— Description of the task —
Write out the entire listing below exactly, with the pictures left out.

------ Information shown

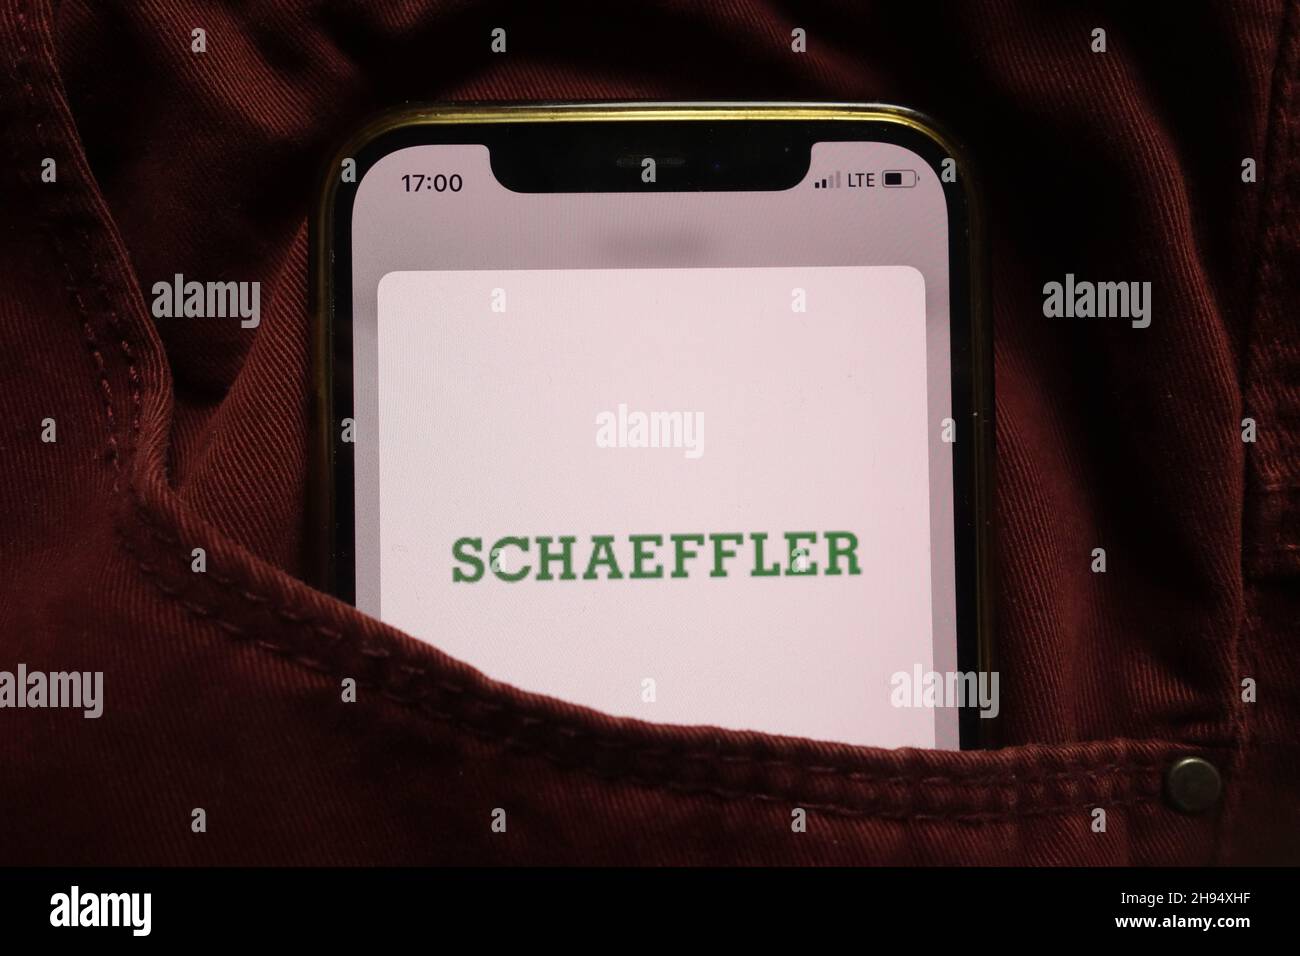 KONSKIE, POLEN - 15. September 2021: Das Logo der Schaeffler Gruppe wird auf dem Mobiltelefon in der Jeanentasche versteckt angezeigt Stockfoto
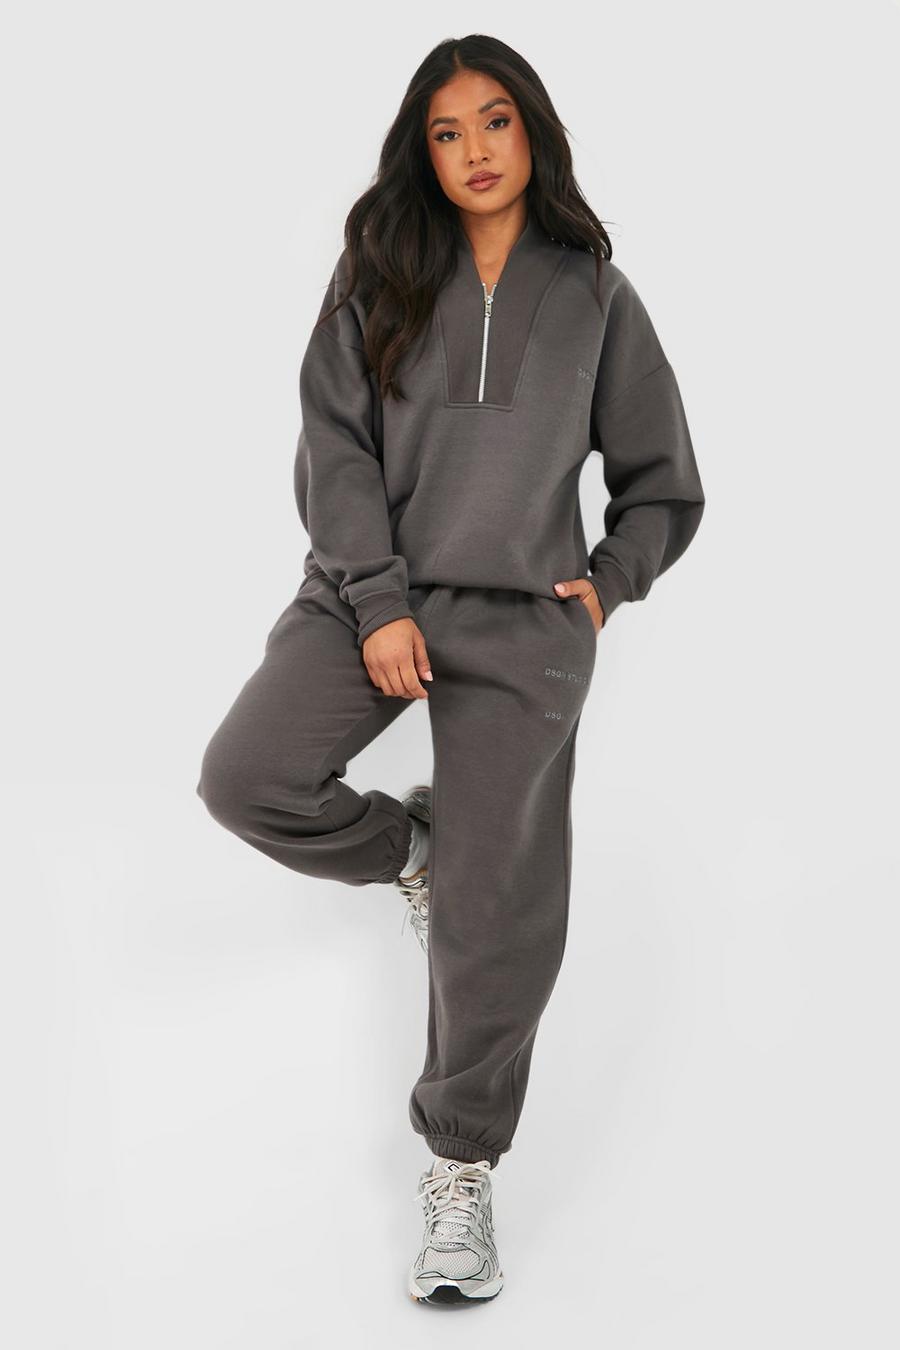 Sweatshirt and Sweatpants Set Women Petite Warm Up Suit Zip Up
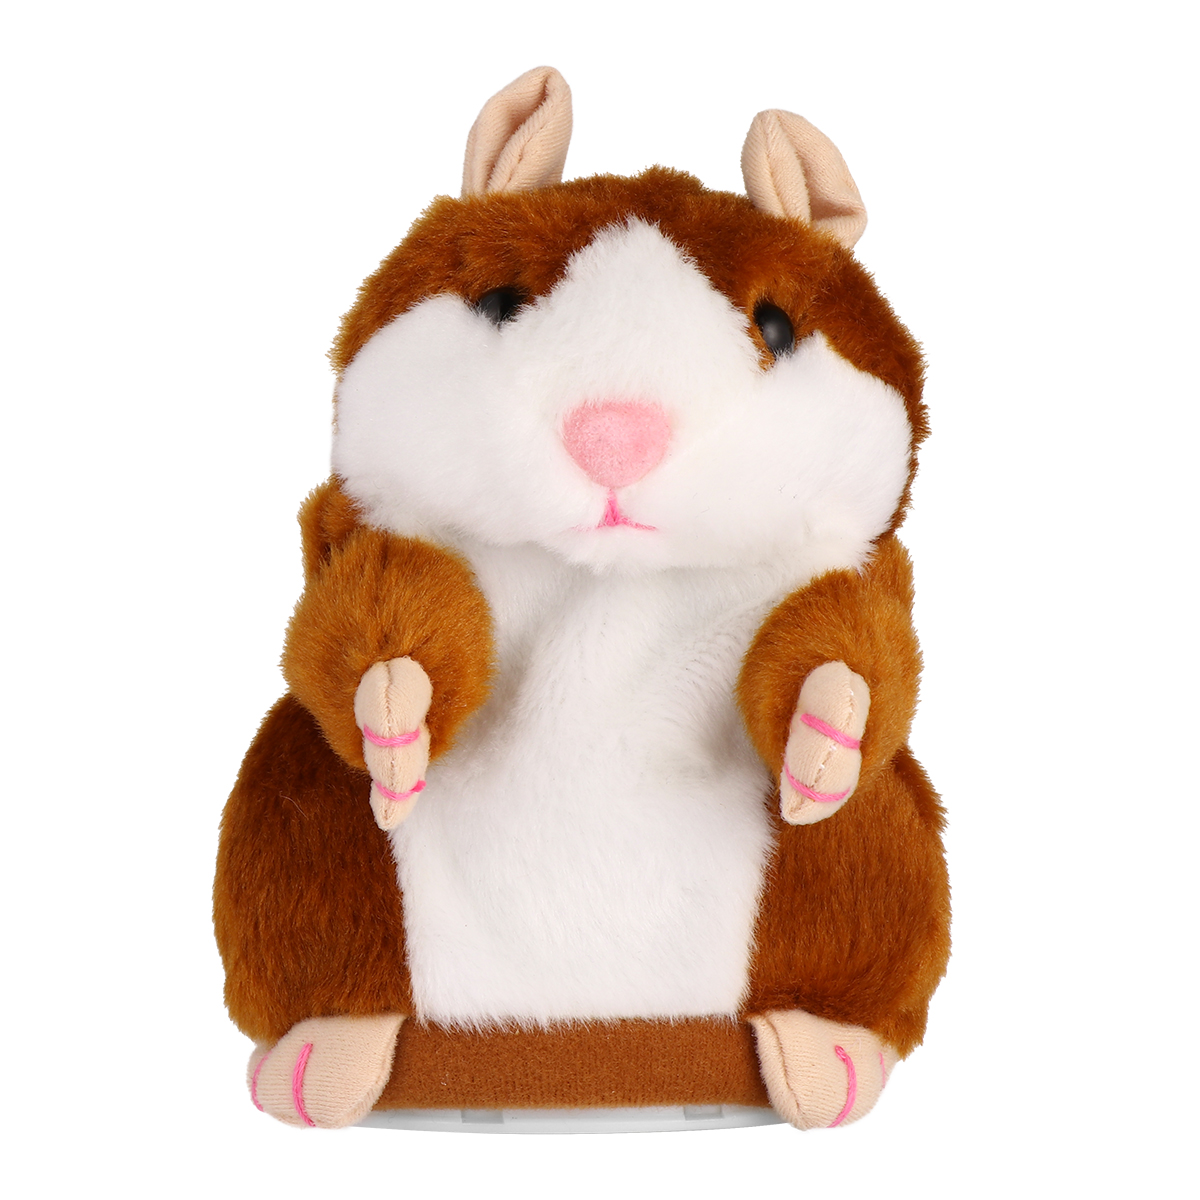 Купить говорящего хомяка. Adorable игрушка. Говорящий хомяк. 2 Gigant Toy Plush Hamster Berlin.

------------

— Written answer —
 KONSKIE, POLEN - 15. September 2021: Das Logo der Schaeffler Gruppe wird auf dem Mobiltelefon in der Jeanentasche versteckt angezeigt Stockfoto
 Sweatshirt and Sweatpants Set Women Petite Warm Up Suit Zip Up
 Купить говорящего хомяка. Adorable игрушка. Говорящий хомяк. 2 Gigant Toy Plush Hamster Berlin.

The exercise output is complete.